A inveja e a despeita são duas faces de uma mesma moeda: a presunção, efeito da junção devastadora da arrogância com a prepotência, elementos de personalidade geralmente presentes em pessoas com baixíssima auto-estima.
O invejoso quando se mete em uma despeita é capaz de tudo para tentar desqualificar o sujeito de sua inveja, chafurdando na gabarolice a ponto de até mesmo jactar, por exemplo, que é mais genial que Camões, mais sábio que Machado de Assis ou Guimarães Rosa, quando a contenda envolve o conhecimento humano.
A propósito, vale lembrar que nem todo letrado é sábio e nem todo intelectual é gênio. A sapiência e a genialidade não são méritos acadêmicos, mas atributos congênitos do indivíduo.
Um dos maiores nomes da poesia brasileira de todos os tempos é um sujeito analfabeto, sertanejo, que viveu toda a sua vida nos fundões do sertão e não deve ter lido em toda sua vida um livro sequer e, no entanto é uma figura genial: Patativa do Assaré, que mal se entendia com o idioma pátrio oficial.

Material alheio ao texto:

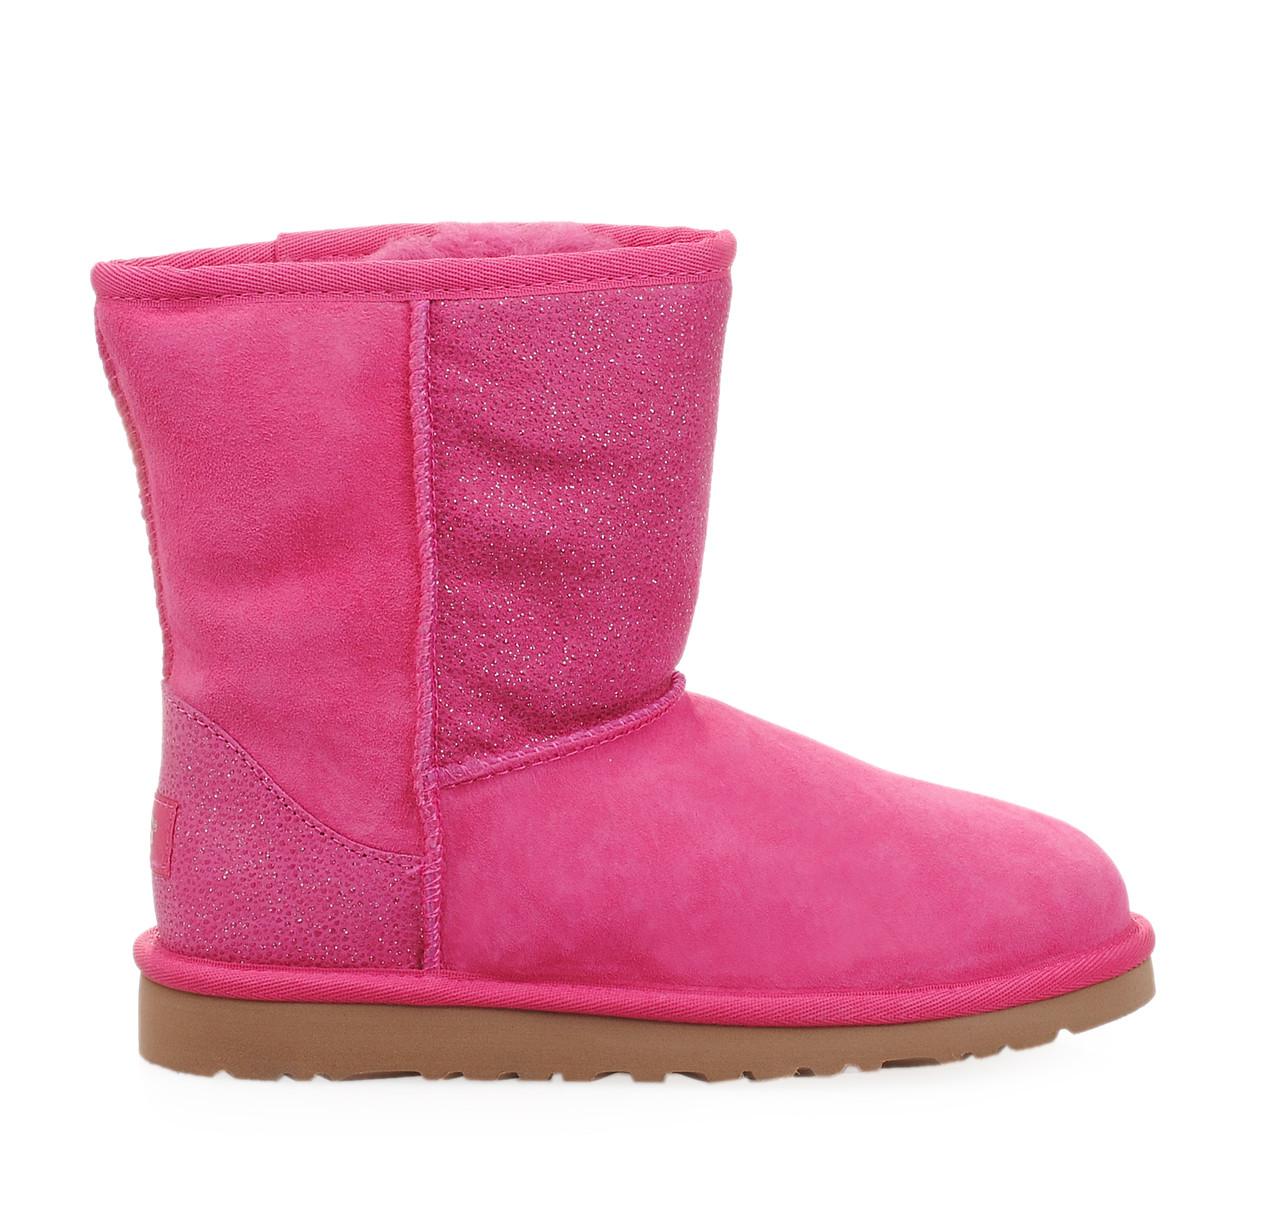 f0a350d2ef0 Παιδικά > Κορίτσια > Παπούτσια > Μπότες / ΠΑΙΔΙΚΕΣ ΜΠΟΤΕΣ ΚΟΡΙΤΣΙ ...

Do mesmo modo, o maior jornalista brasileiro do século passado, um dos textos mais sofisticados da imprensa nativa nunca pisou em faculdade, a não ser para dar aula no programa de pós-graduação da Escola de Comunicação e Arte da USP: Cláudio Abramo, o homem que modernizou a imprensa brasileira escrita na segunda metade do século passado, quando comandou “O Estado de São Paulo” e posteriormente a “Folha de São Paulo”.
O fundador da sociologia política brasileira foi um sujeito que nunca estudou sociologia e, no entanto foi um dos maiores intelectuais brasileiros do século XX: Raimundo Faoro, advogado brilhante e valente no enfrentamento da ditadura militar, com o seu clássico “Os Donos do Poder”, onde examina as intrincadas origens do patronato político brasileiro.
Citei os casos acima para demonstrar que em se tratando de produção de conhecimento, o que importa não são os títulos ostentados pelos sujeitos de tais produções, mas os paradigmas epistemológicos de suas obras.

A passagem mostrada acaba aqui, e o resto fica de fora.